DATASET CONTENT:
——————————

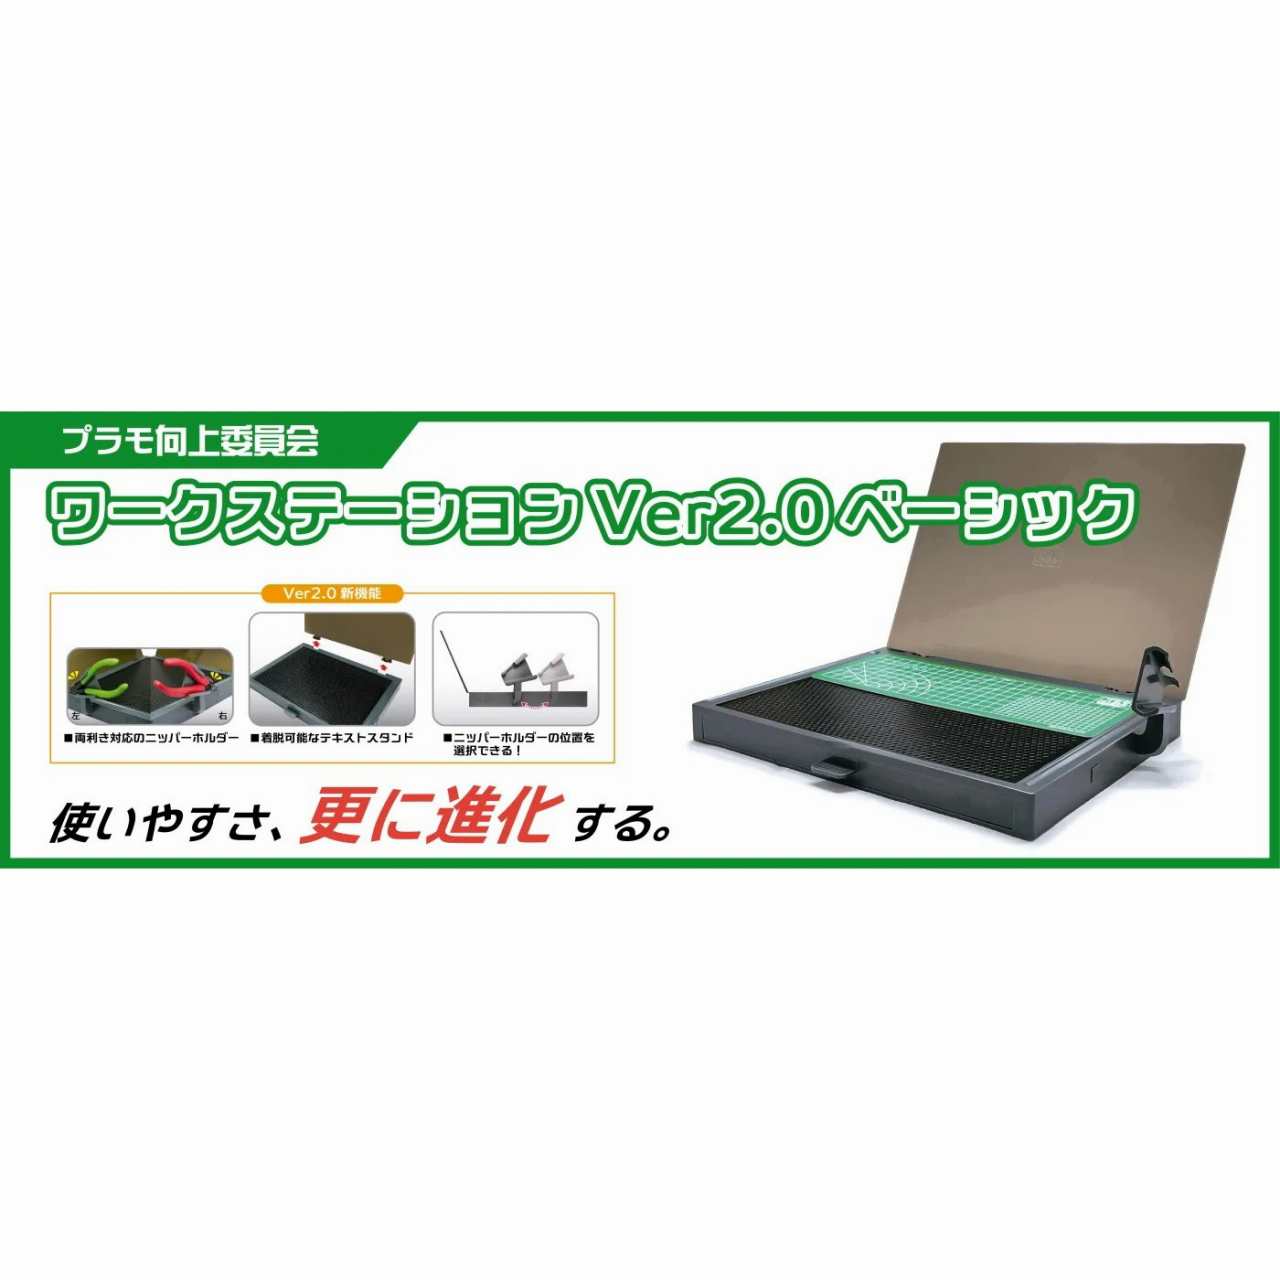 【新製品】PMKJ018 ワークステーション Ver 2.0 Basic
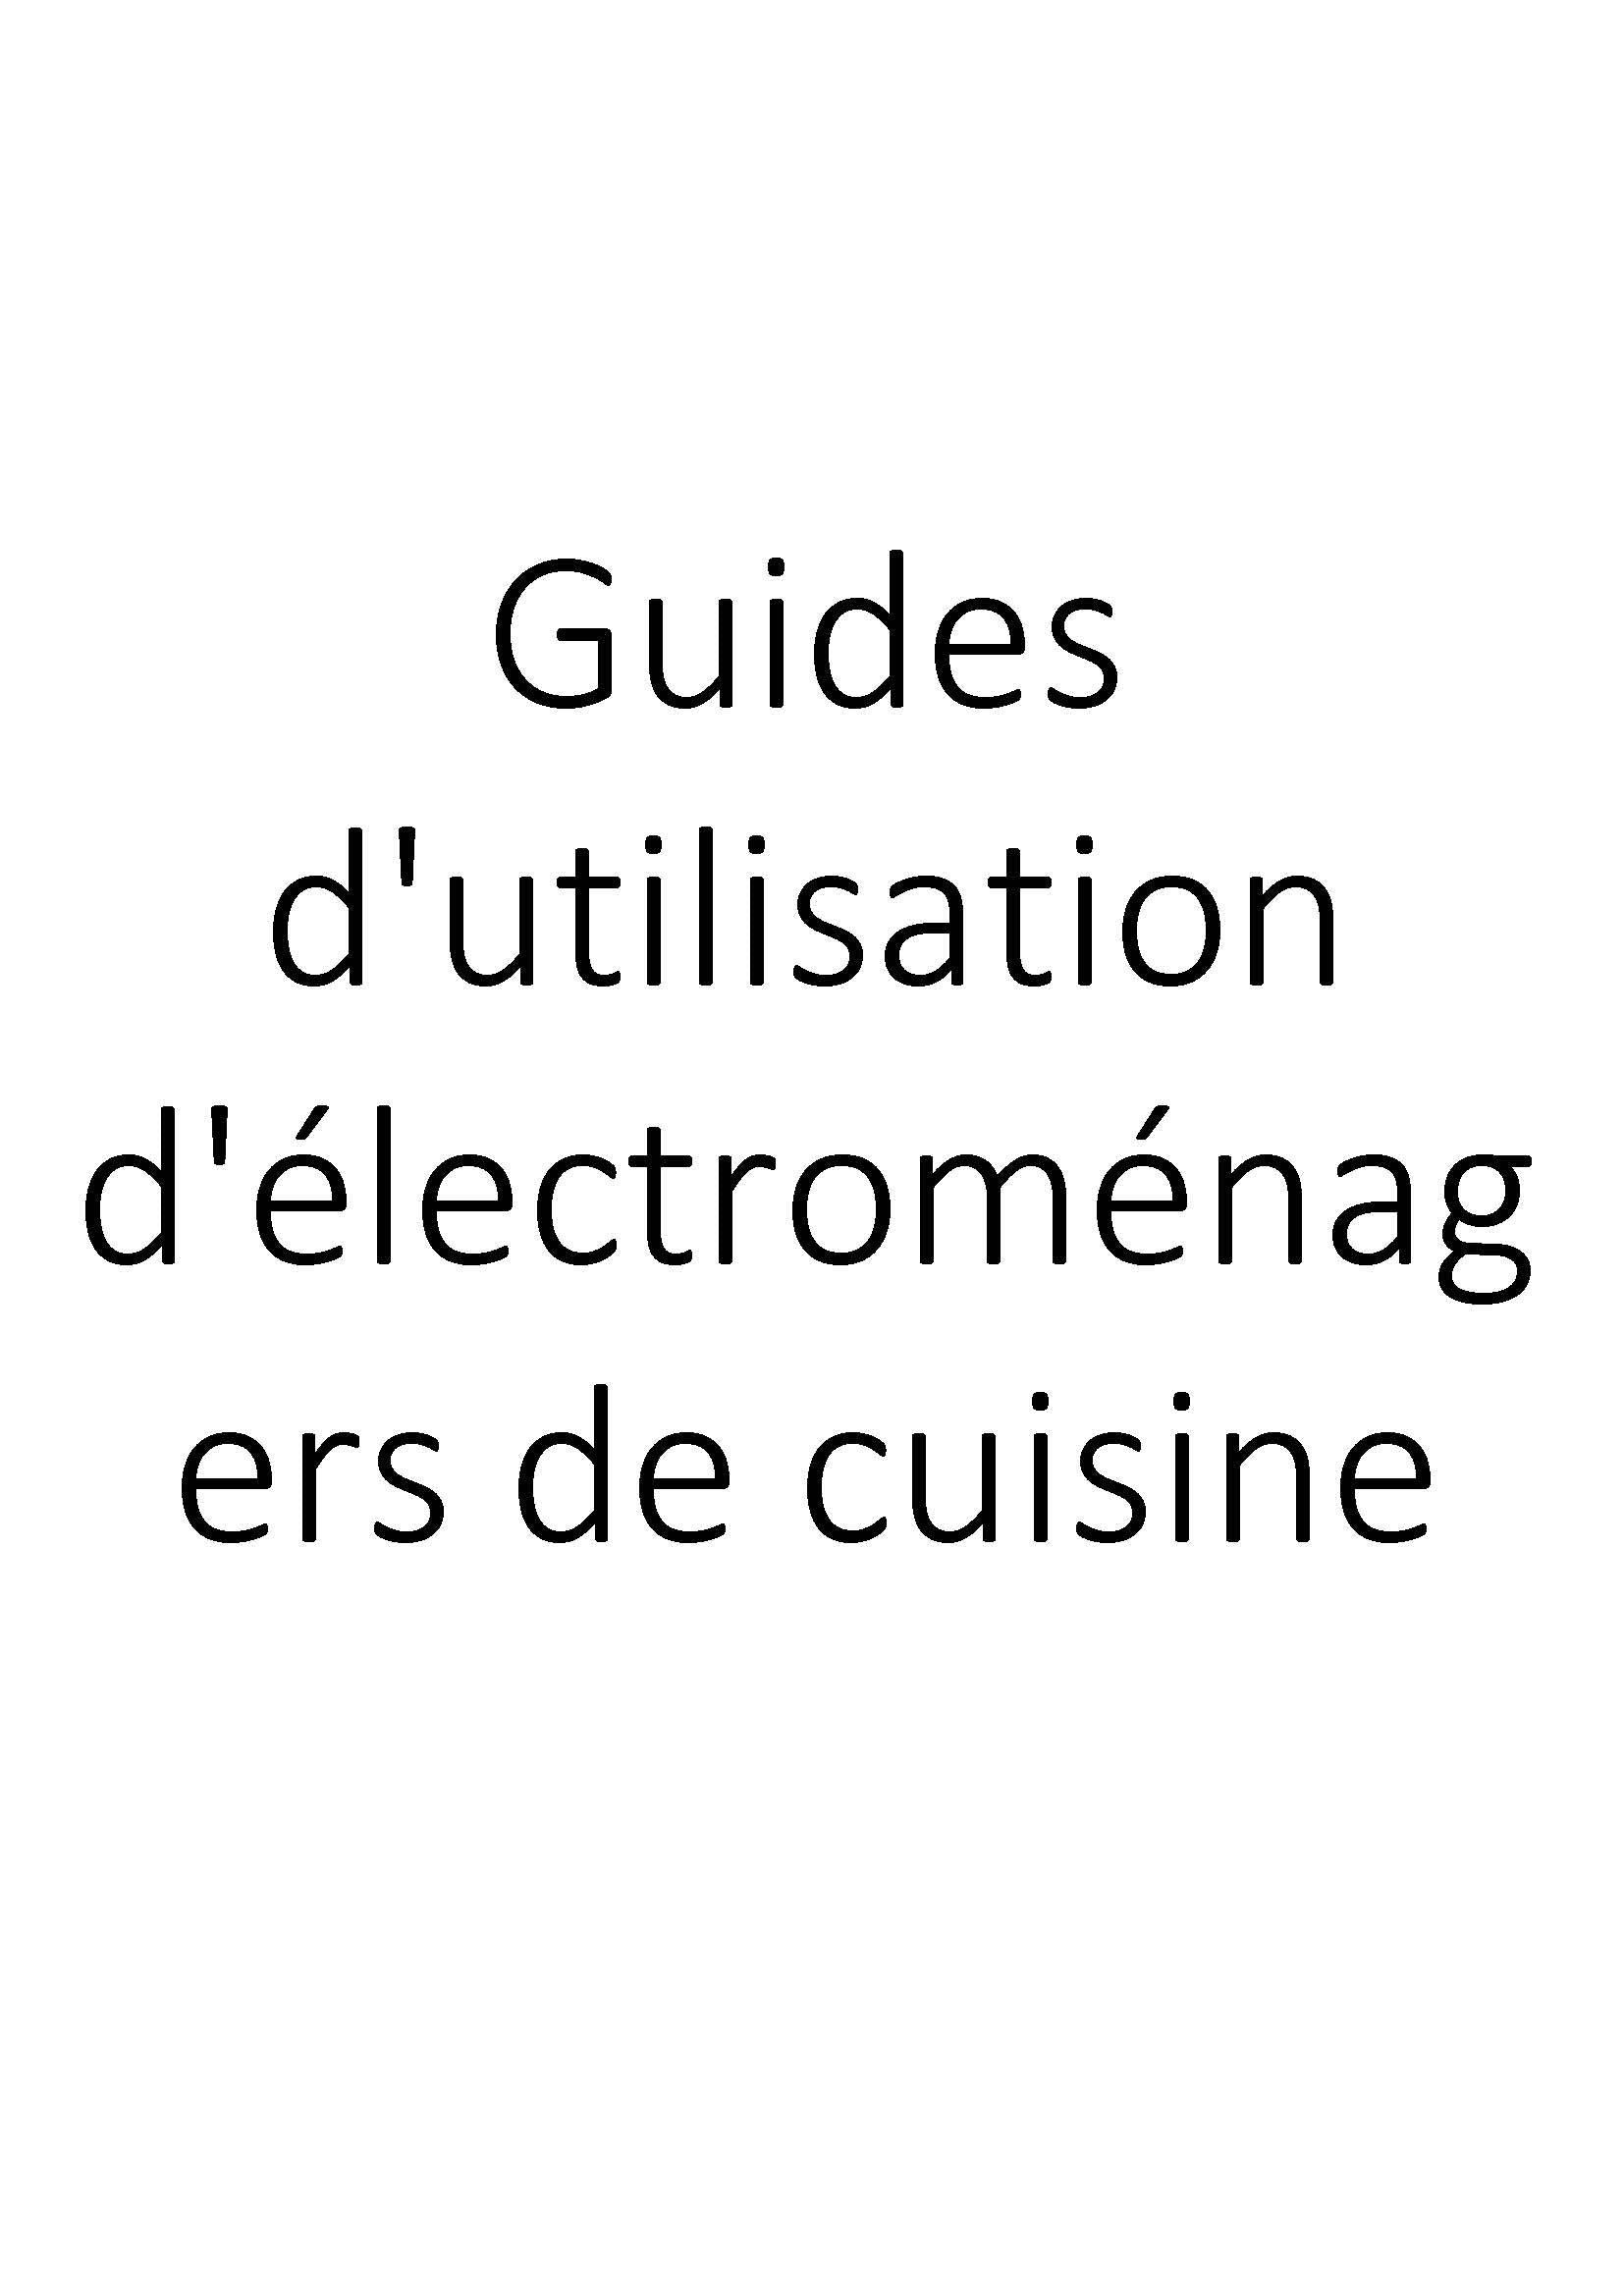 Guides d'utilisation d'électroménagers de cuisine clicktofournisseur.com
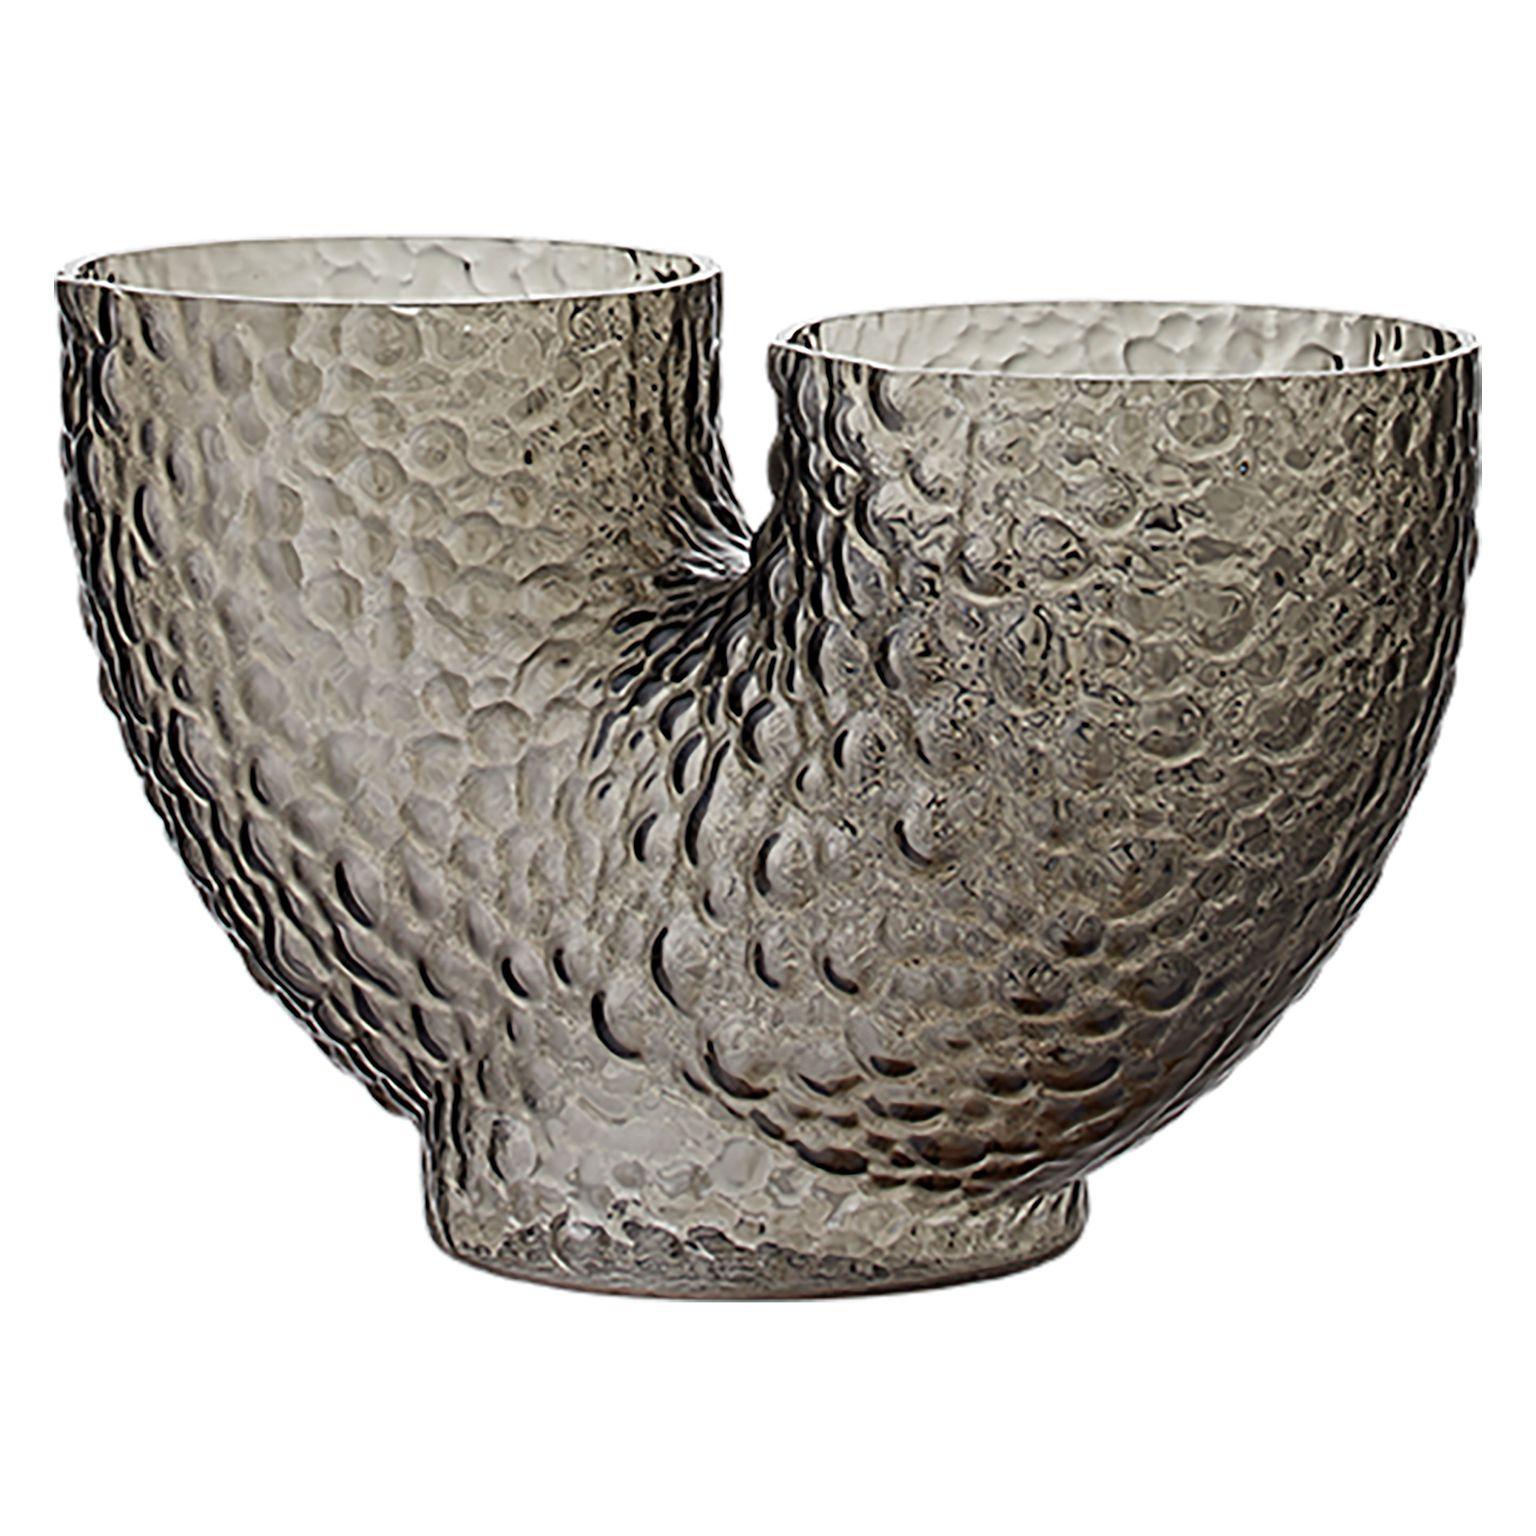 Vase contemporain en verre bas
Dimensions : L 34 x L 14 x H 19 CM
MATERIAL : Verre soufflé 

Ces vases sont fabriqués en verre soufflé à la bouche, ce qui rend chaque vase unique, exclusif et différent des autres. Ils sont un excellent exemple de la
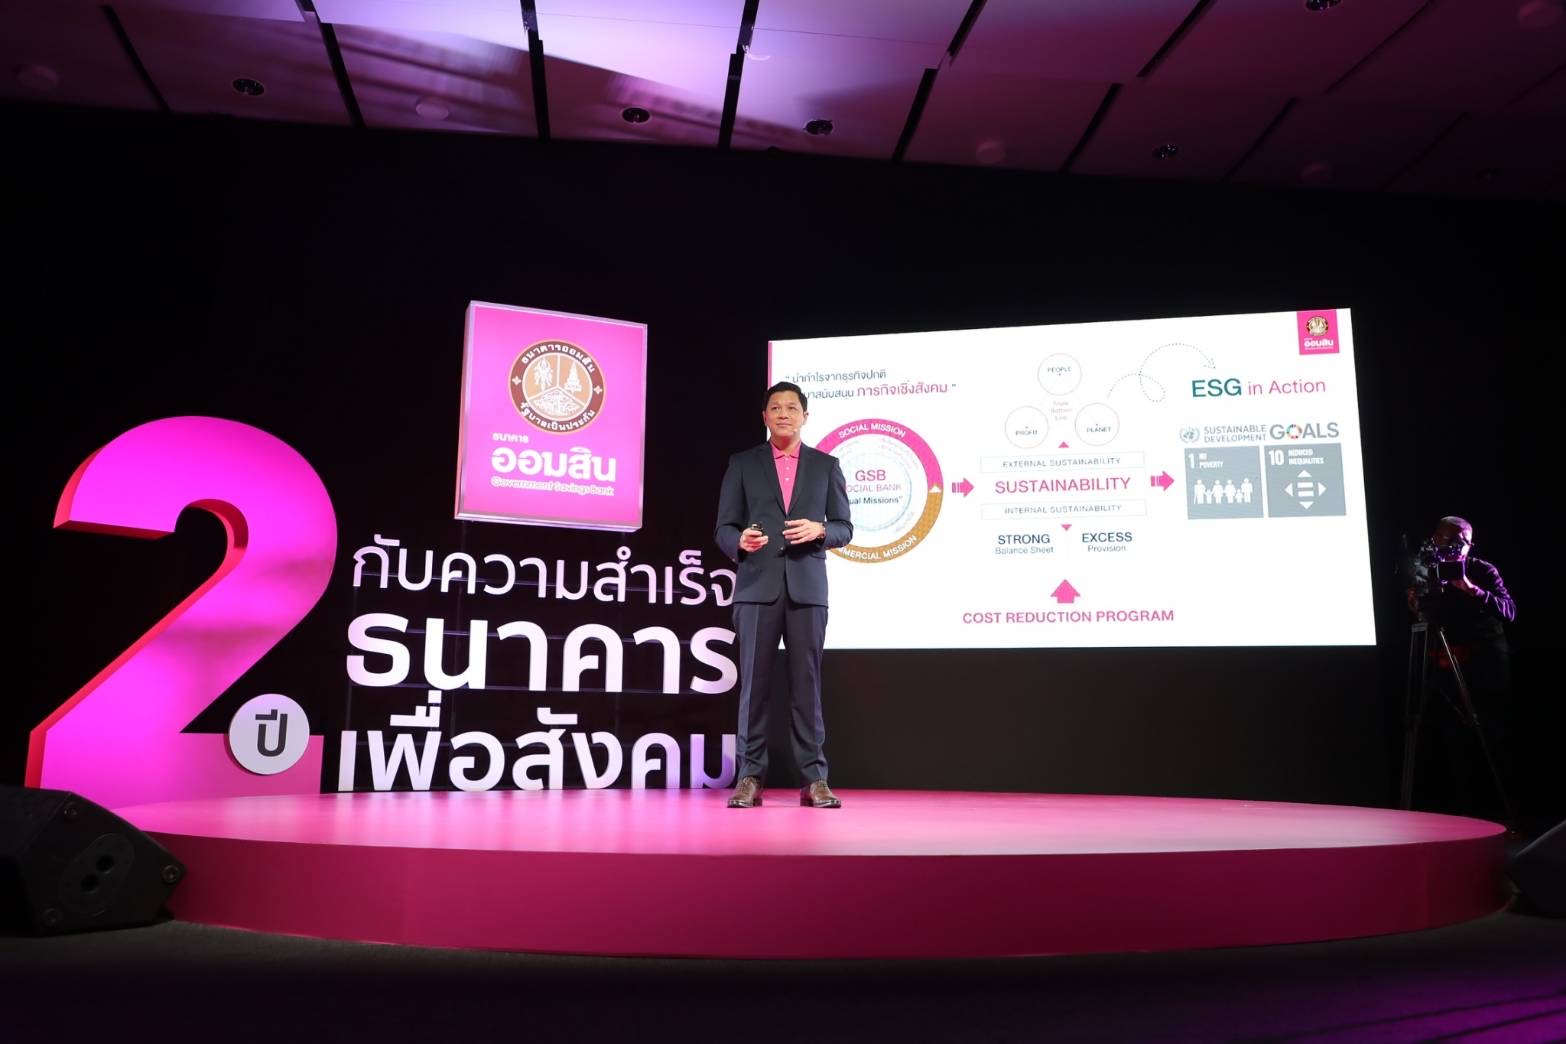 ออมสิน เผย ครบ 2 ปีแห่งความสำเร็จ “ธนาคารเพื่อสังคม” ช่วยคนไทยฝ่าวิกฤต

——————————

INSTRUCTIONS FOR THE TASK: Within the material above, copy exactly the lines from the line that holds "Dimensions : L 34 x L 14 x H 19 CM" up to and including the line that holds "Ces vases sont".

RESPONSE TO THIS EXERCISE:
Dimensions : L 34 x L 14 x H 19 CM
MATERIAL : Verre soufflé 

Ces vases sont fabriqués en verre soufflé à la bouche, ce qui rend chaque vase unique, exclusif et différent des autres. Ils sont un excellent exemple de la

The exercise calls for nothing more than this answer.